Your copy runs from the line containing "Do you have" through the last line of the listing, both included. Restate those lines word for word and leave out pictures.
==== Data extracts
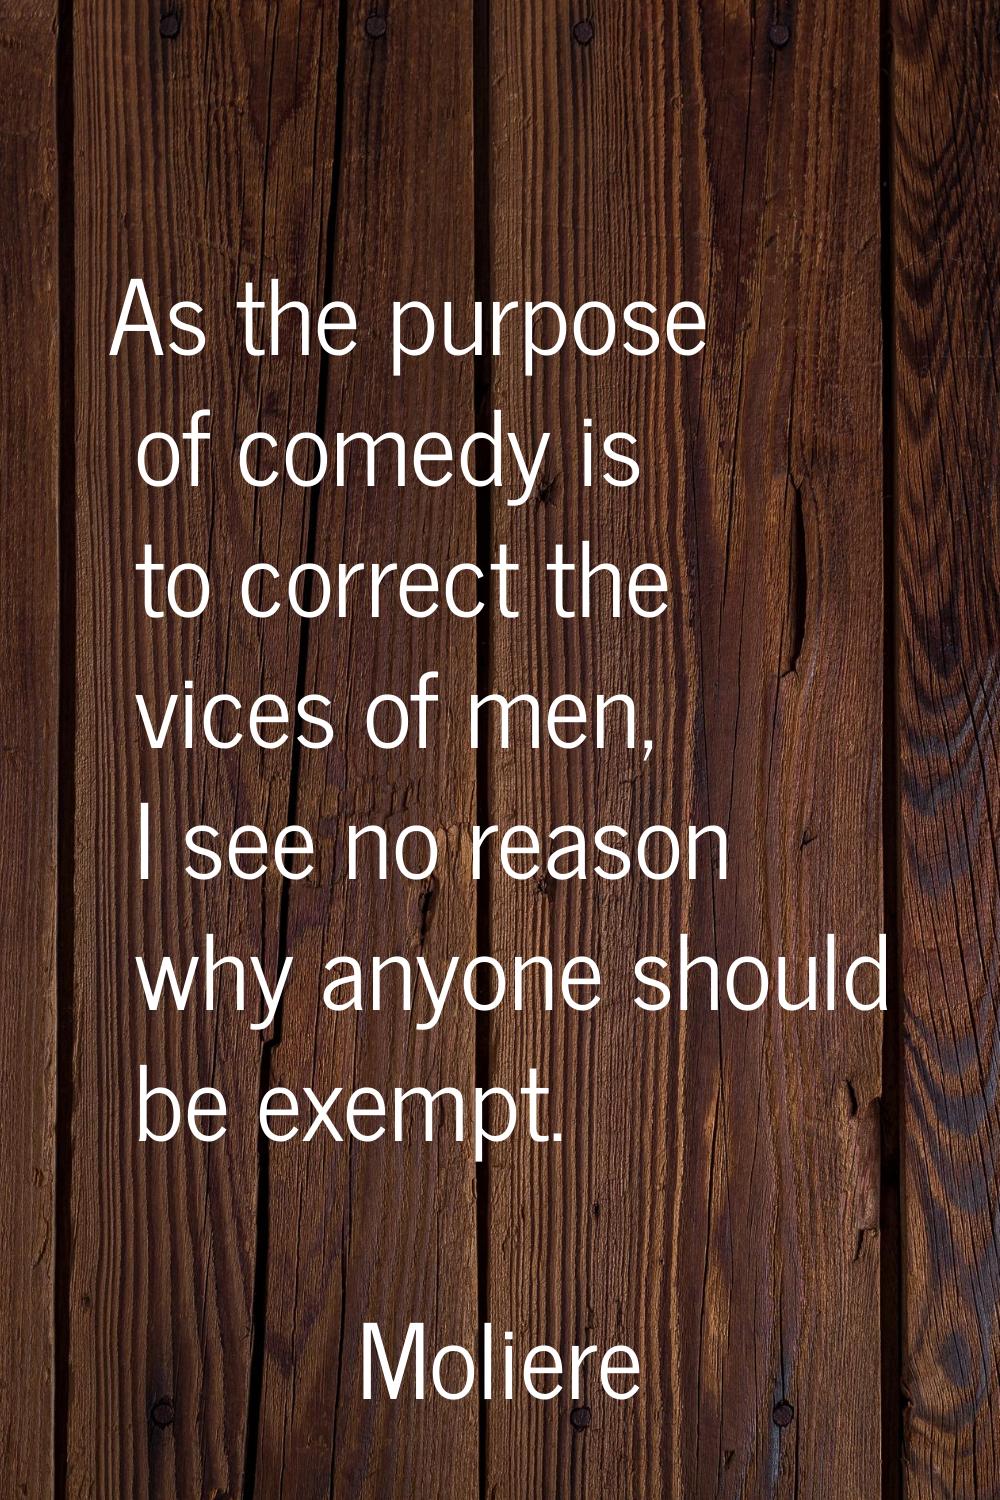 As the purpose of comedy is to correct the vices of men, I see no reason why anyone should be exemp
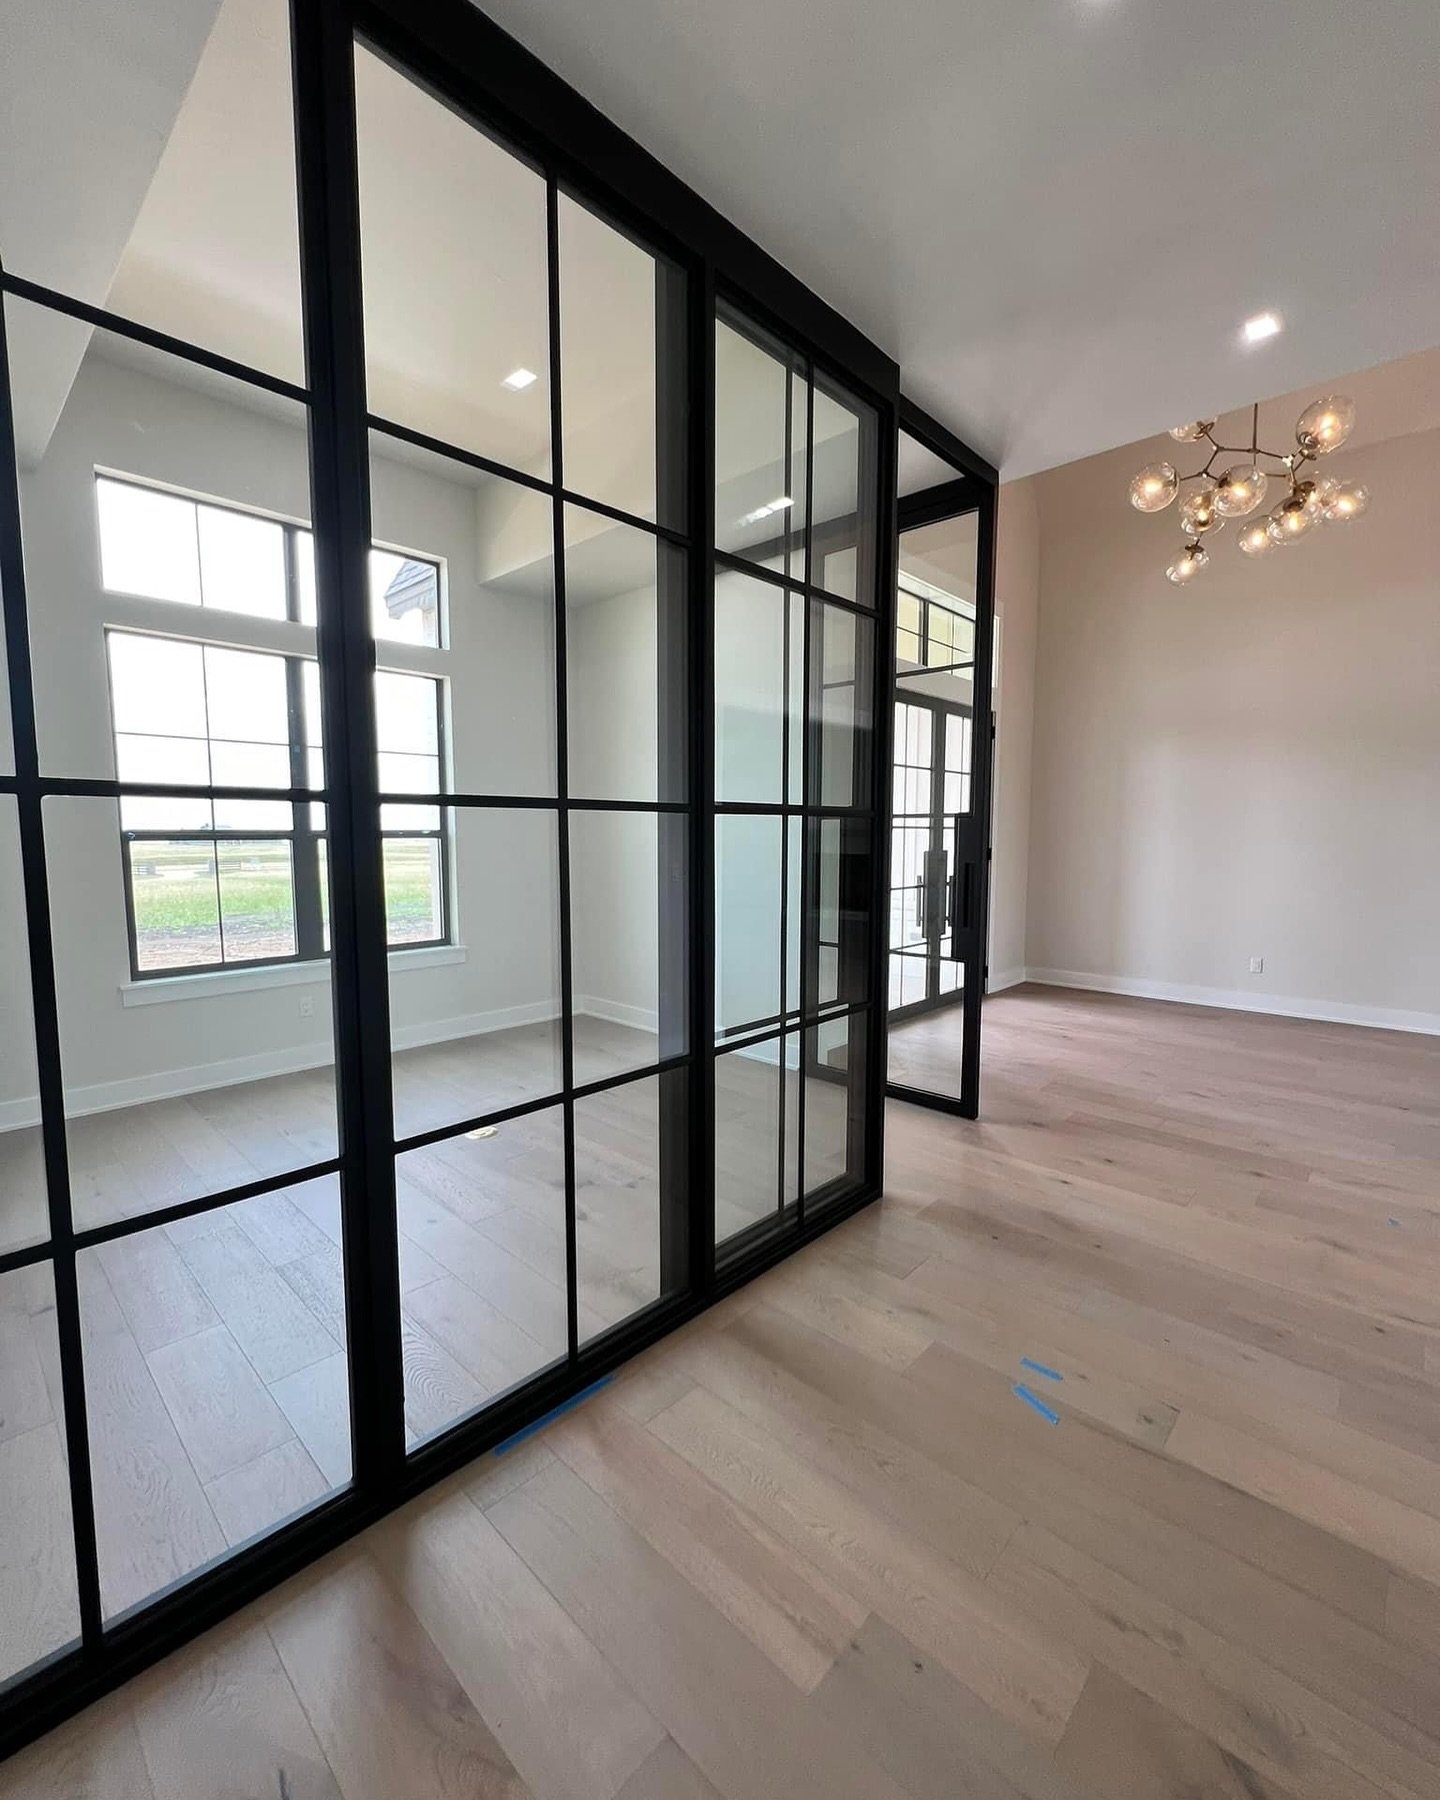 Do you have an empty open space in your home? We can help transform into your personal office, gym, game room, etc. 
Interior Doors can give you privacy and add style to any home.

Contact us to schedule your free in-home visit ✍🏻
📞 210-651-3201 📧
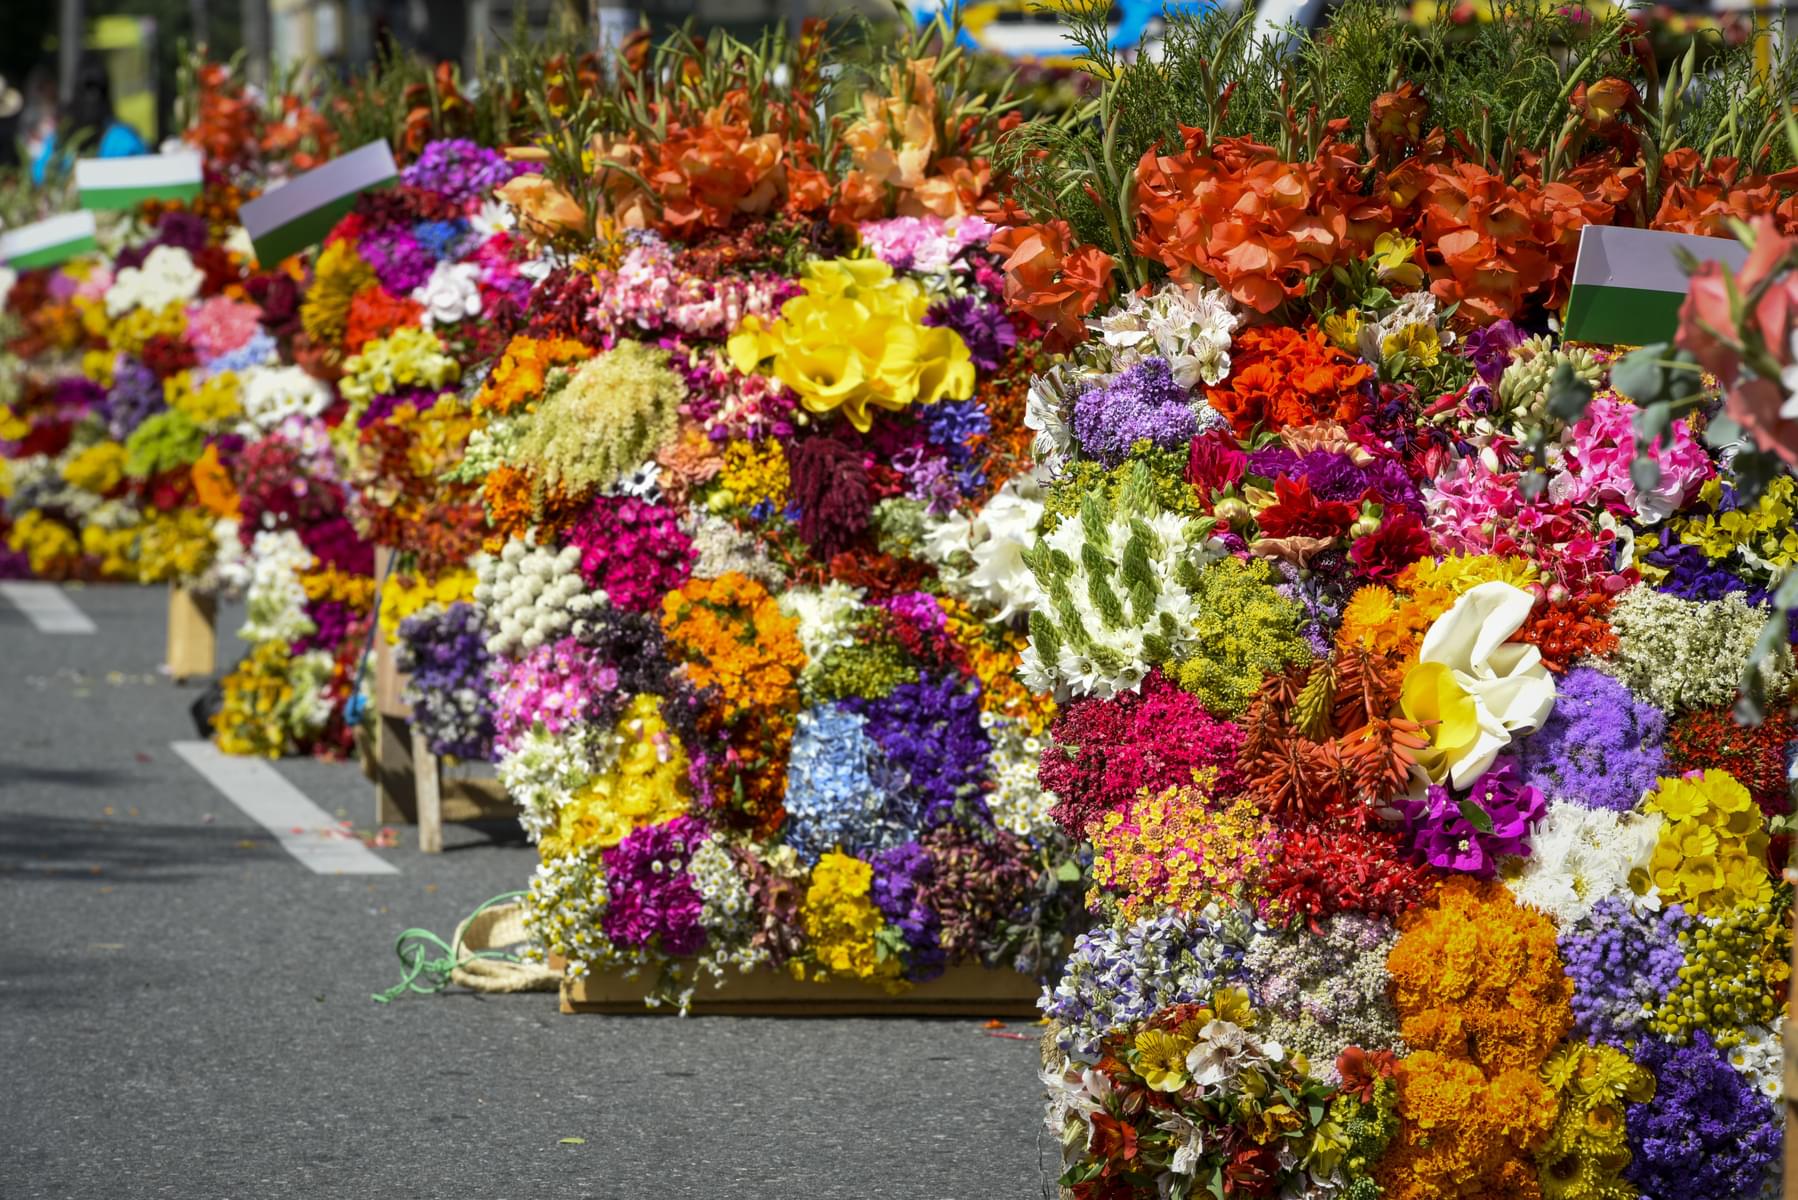 Join the Flower Parade
========
◆ Task response ◆
 Do you have an empty open space in your home? We can help transform into your personal office, gym, game room, etc. 
Interior Doors can give you privacy and add style to any home.

Contact us to schedule your free in-home visit ✍🏻
📞 210-651-3201 📧
 Join the Flower Parade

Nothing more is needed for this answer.